ABOUT THIS EXERCISE |
Return the complete listing exactly as it reads, with each picture removed.

SUPPLIED INFORMATION |

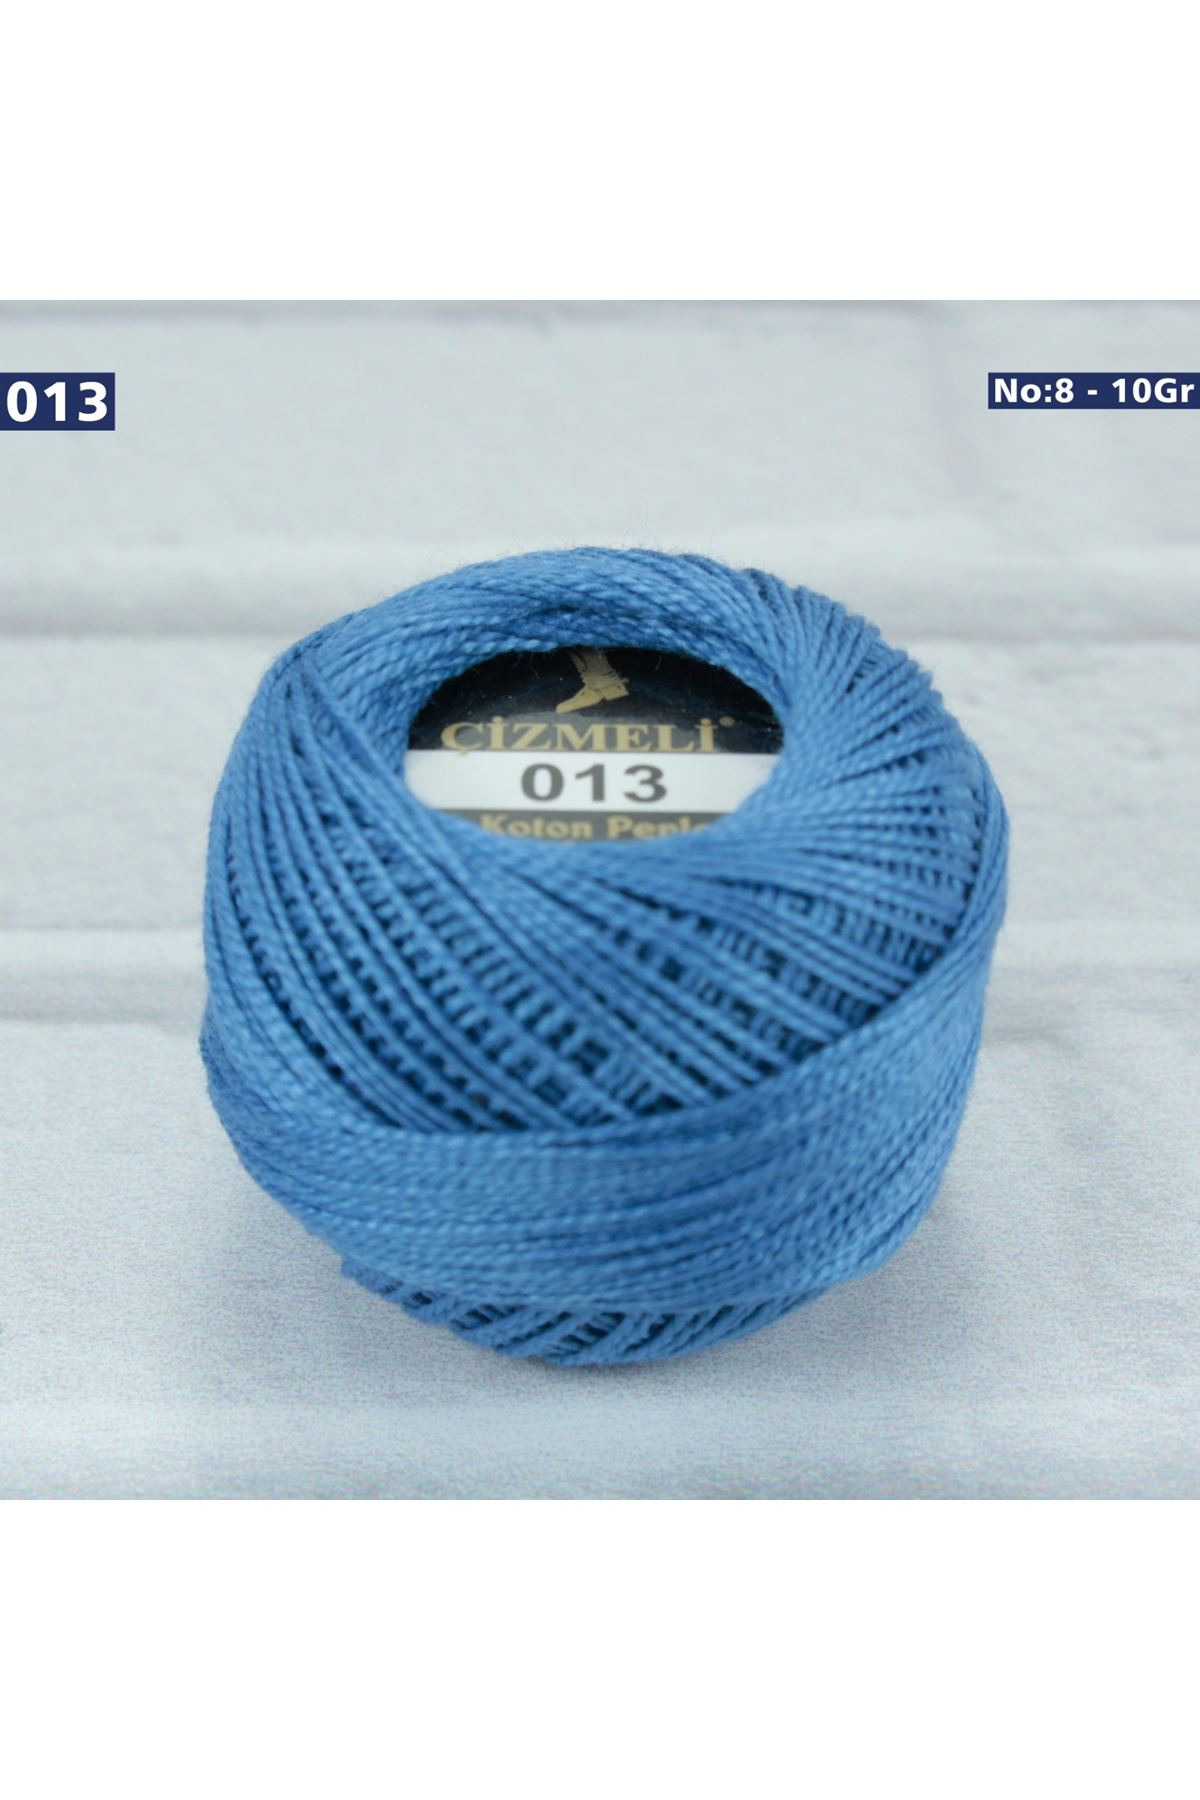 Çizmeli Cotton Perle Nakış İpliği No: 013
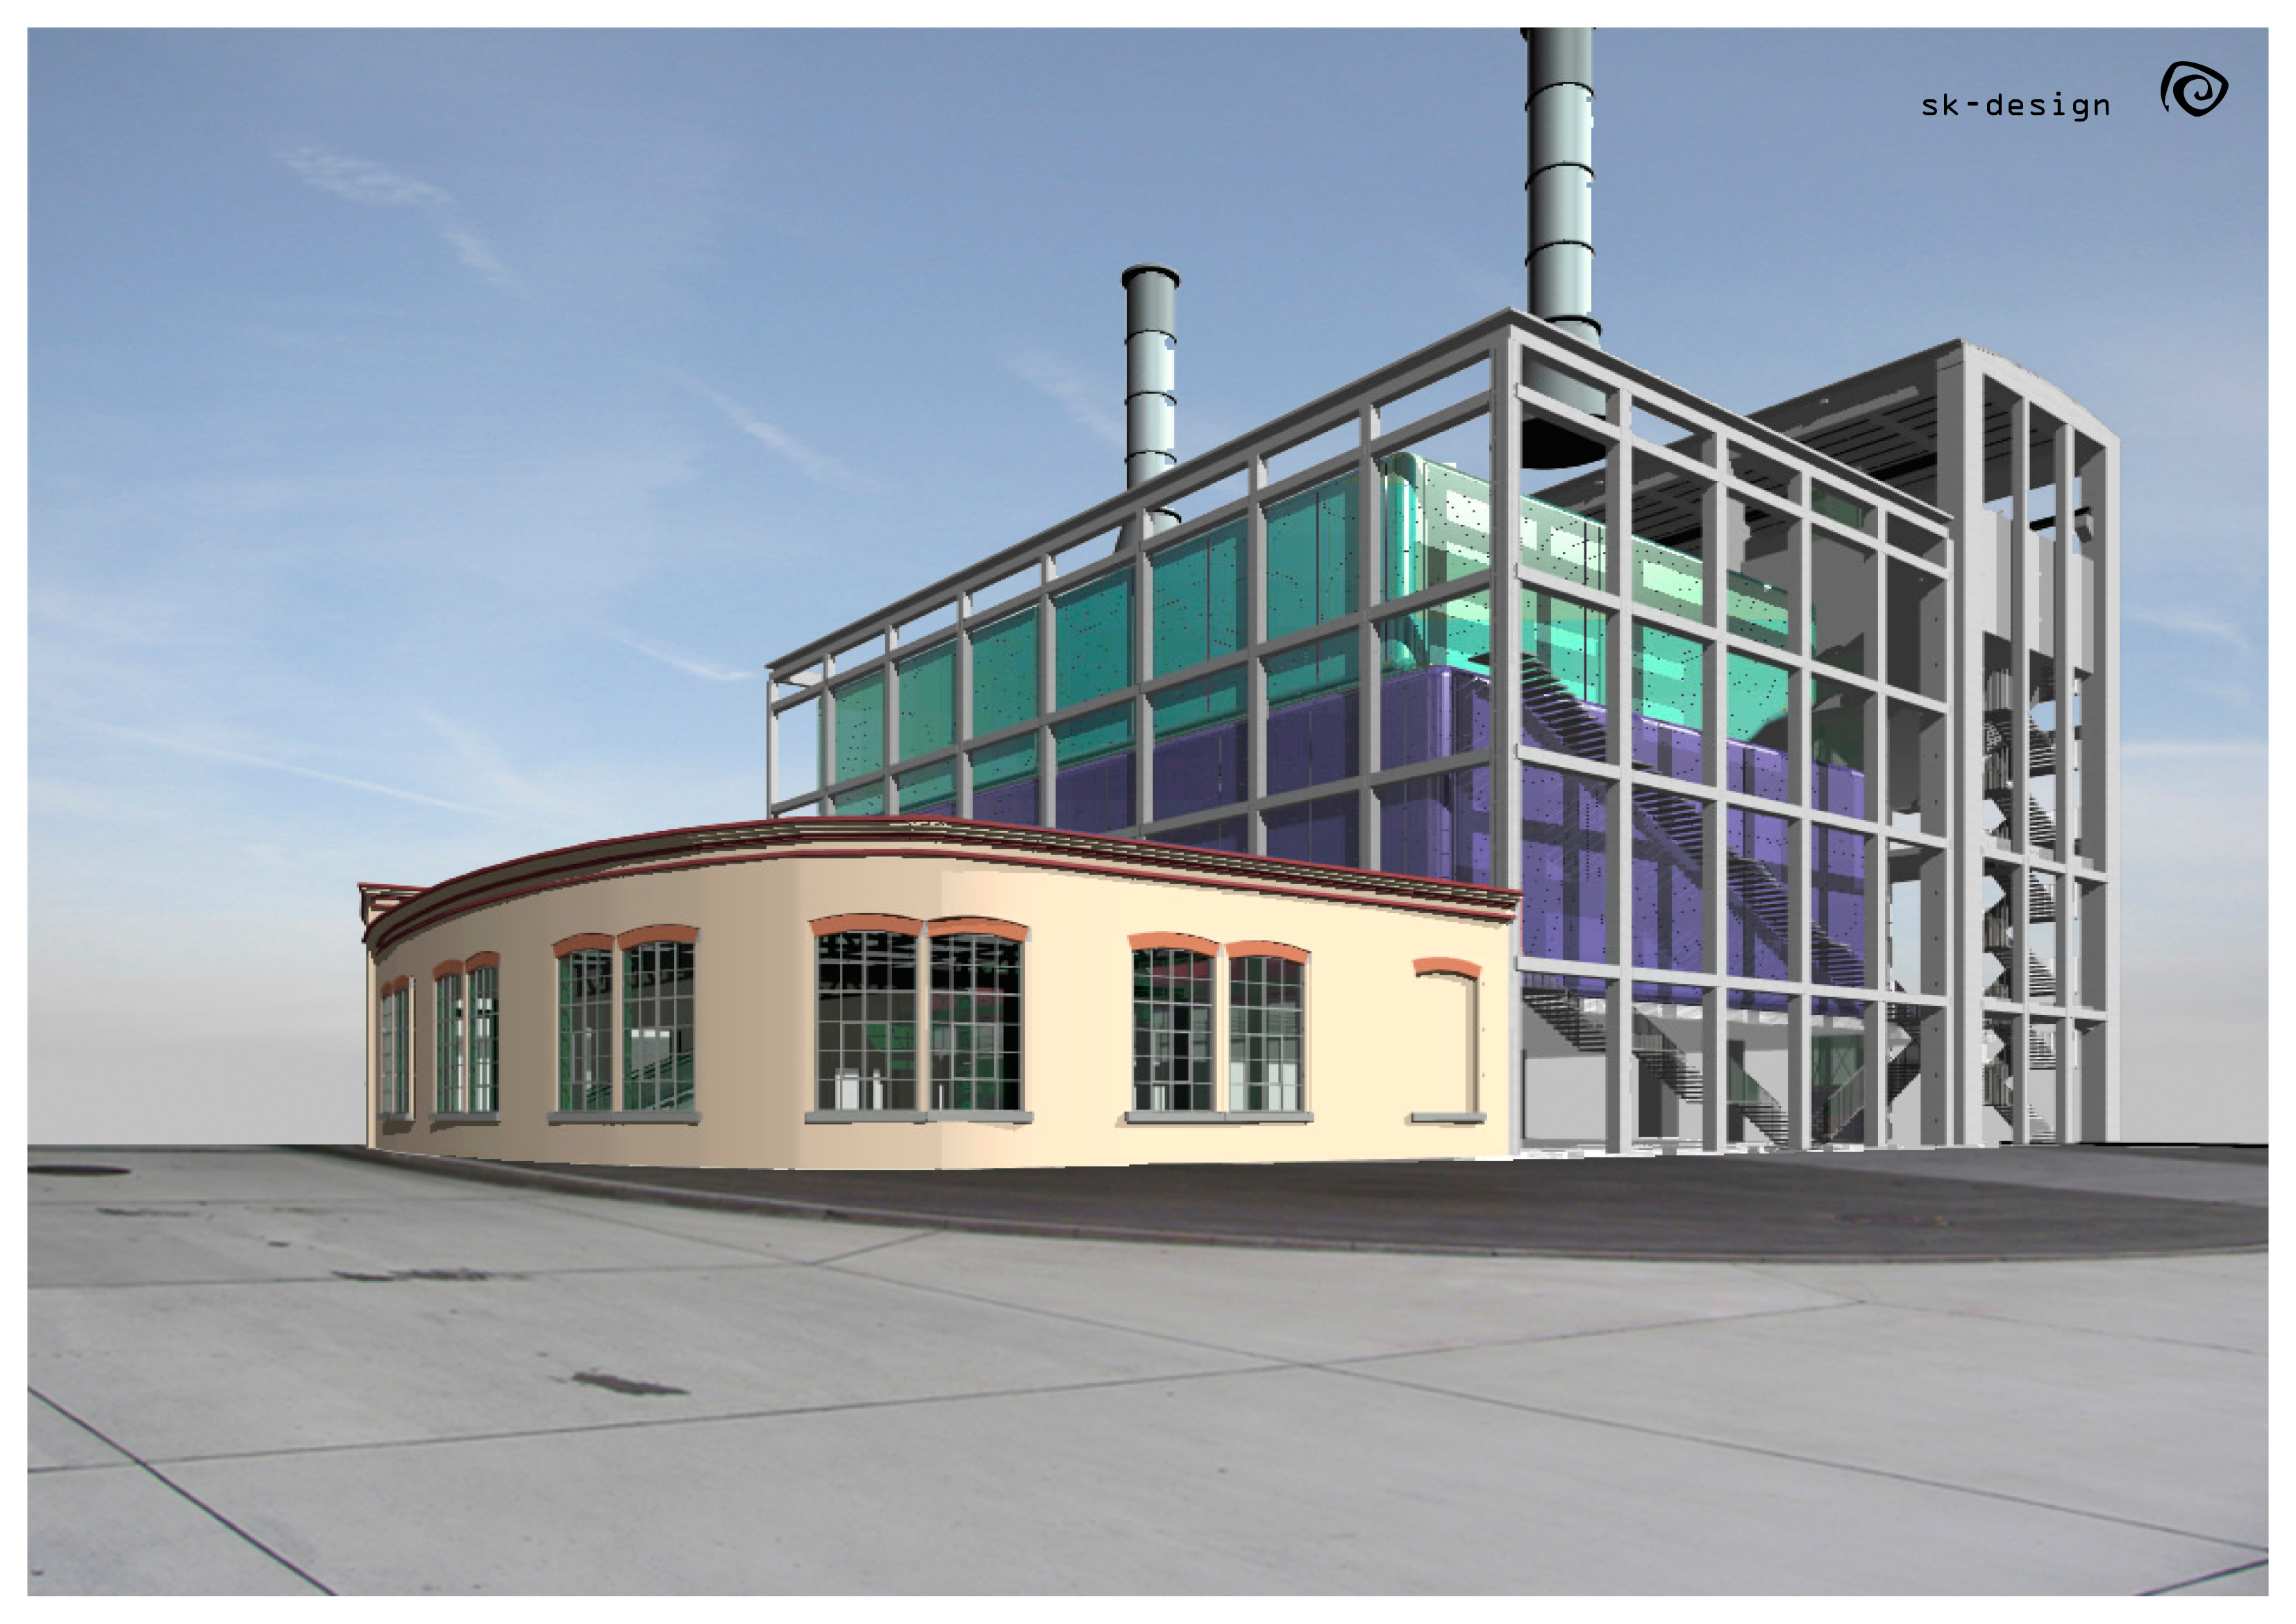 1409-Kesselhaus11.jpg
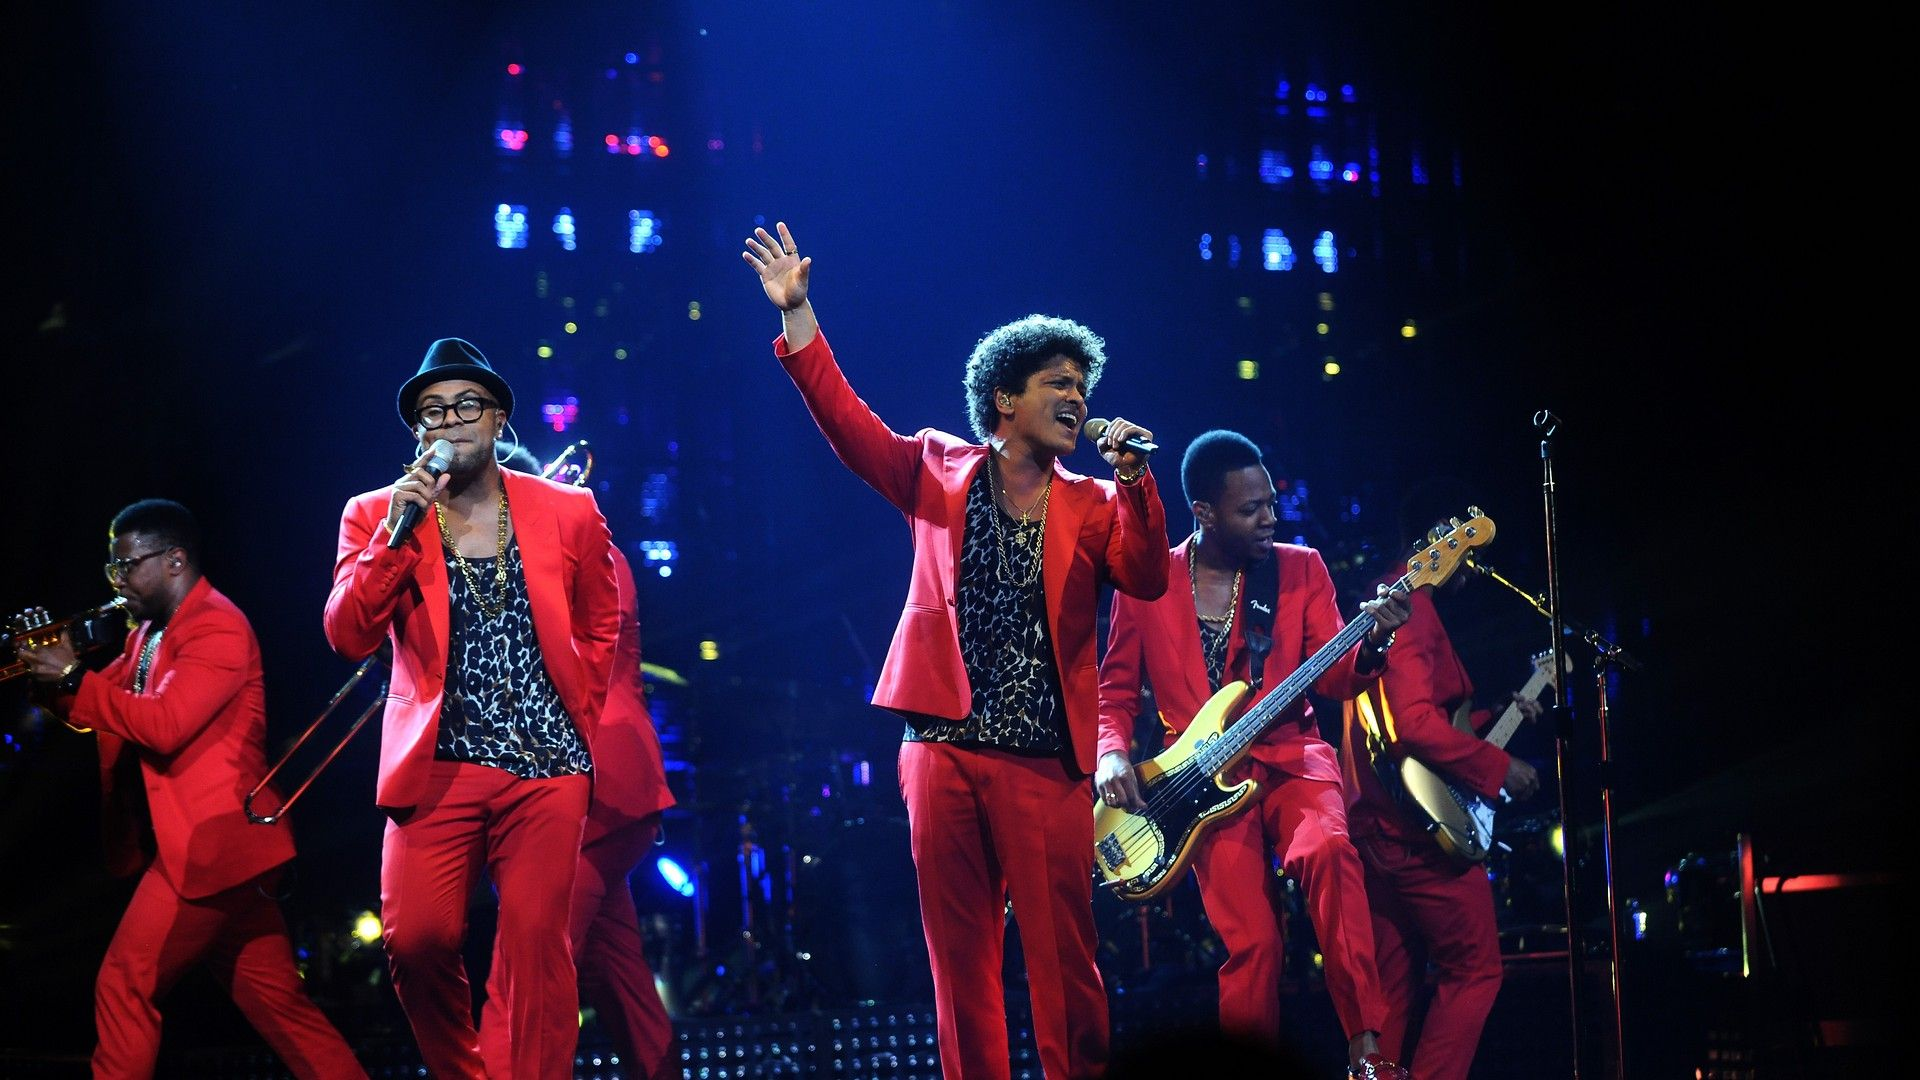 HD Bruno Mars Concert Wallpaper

RESULT OF THE EXERCISE |
 Çizmeli Cotton Perle Nakış İpliği No: 013
 1409-Kesselhaus11.jpg
 HD Bruno Mars Concert Wallpaper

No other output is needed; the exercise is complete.